Commentaries posted do not necessarily represent the opinion of LDN.
 Any opinions expressed are those of the writers.


Mo’ money, mo’ problems? Illinois schools prefer flexibility and fewer mandates
Send a link to a friend  Share

[April 15, 2015]  By Benjamin Yount 

SPRINGFIELD, Ill. — As Illinois schools look to absorb a $150 million budget cut, local districts are asking for two things: flexibility and a break from state mandates.

“I personally wish they would just stop throwing things at school districts,” El Paso-Gridley Superintendent Mike Lindy said.

Lindy’s schools, and the nearly 900 other school districts in Illinois, started the 2014 school year with 24 new mandates and may start the 2015 school year with 19 more.

Illinois’ school mandates cover everything from teaching special needs students, which is expensive, to a relatively cheap required lesson in October on Lief Erickson.

“One of the mandates that they’re underfunding is transportation,” Lindy said. “(Of course) we’re going to continue to transport our kids…We’re going to find a way.”

Lindy’s budget for his rural, downstate district is just over $11 million, and transportation costs are almost $1 million.

The Illinois State Board of Education late last month announced it would not pay the final two mandated categorical payments to schools. The categorical payments supplement general state aid, and cover the cost of the dozens of requirements ISBE and the state Legislature place on local schools.


Not getting the last two payments for school buses is going to hurt, Lindy said.

ISBE blames the categorical payment cut on Illinois’ dire fiscal situation.

Illinois Gov. Bruce Rauner was forced to close a $1.6 billion budget gap by sweeping special funds, and imposing a 2.25 percent across-the-board cut.

That 2.25 percent cut essentially wiped out the final categorical payment to schools.

But it’s not just a lack of payment for required classes or services.

[to top of second column]

State Sen. Chapin Rose, R-Mahomet, said both the Legislature and state board hamper local schools with dozens of other mandates on how they can manage their money.

“We require schools to hold all of their (dollars) in different funds. You know a fund here, a fund there, a fund for this, a fund for that” Rose said. “What (schools) are really clamoring for…is flexibility.”

Requiring schools to silo money into dedicated funds is supposed to prevent underfunding, but Rose said it makes Illinois’ school funding problem worse.

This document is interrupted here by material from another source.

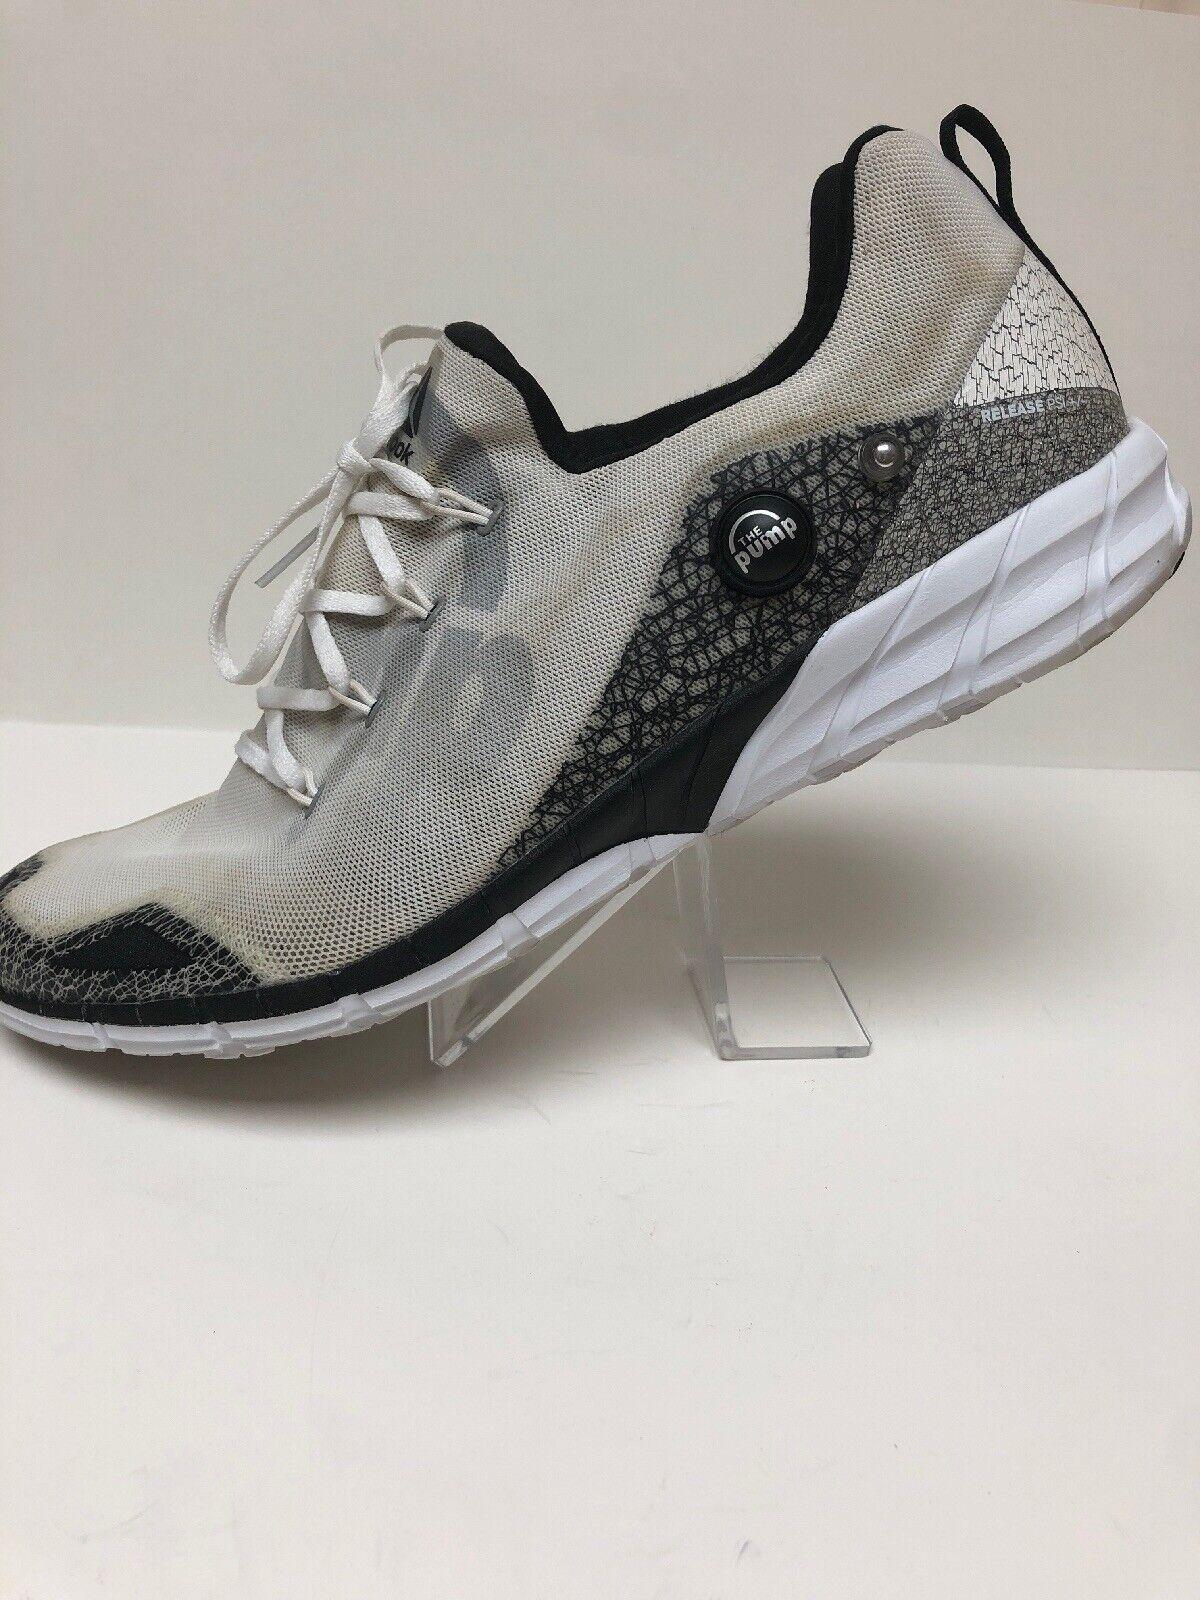 Reebok Pump Running shoes ar2403 US Men's Size 14

Rose said local schools could survive a few cuts in categorical funding, if the state gave districts the ability to manage their money as they see fit.

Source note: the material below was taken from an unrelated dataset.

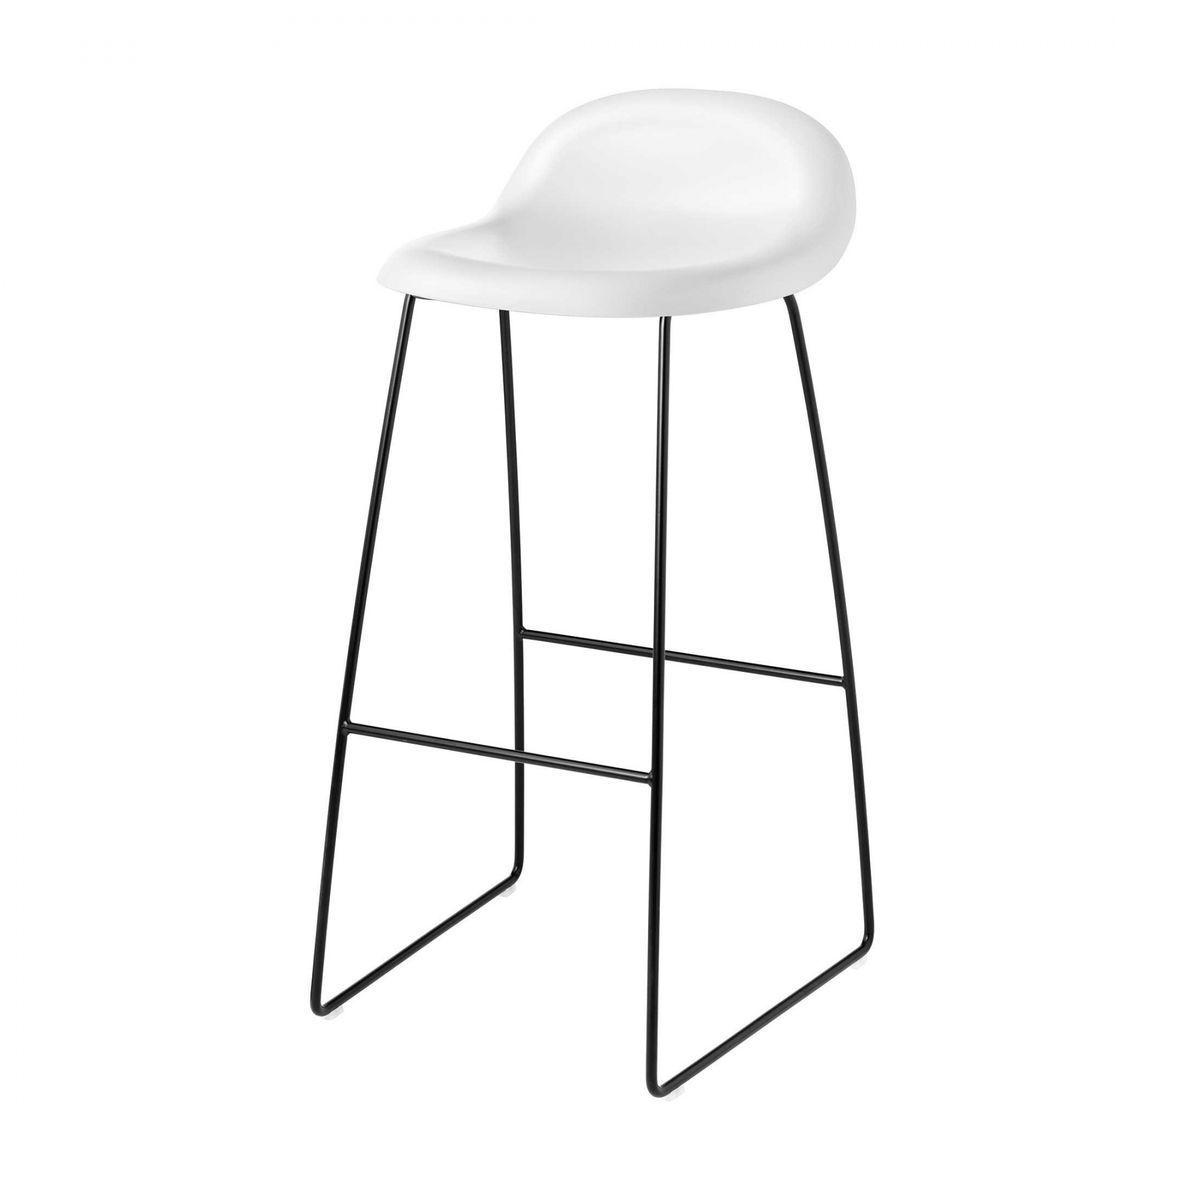 Gubi 3d bar stool kufengestell schwarz gubi black for Barhocker 3d

“You’ve told them ‘You can spend this amount of money on this thing’,” Rose said of the required classes and the required fiscal mandates. “(General education funding) is where they have the freedom and flexibility to adjust to what’s happening.”

Rose has proposed a package of mandate reforms, but the idea has been bottled up as Illinois lawmakers talk about a different plan that would overhaul how Illinois pays for the entire public school system in the state.

Rose said, often, schools don’t need more money, just more discretion in how to spend what they already have.

“You have school districts that end up having more money left over in certain (mandated budget) lines, but they can’t then turn around and hire a teacher to lower class size. That’s crazy,” Rose said.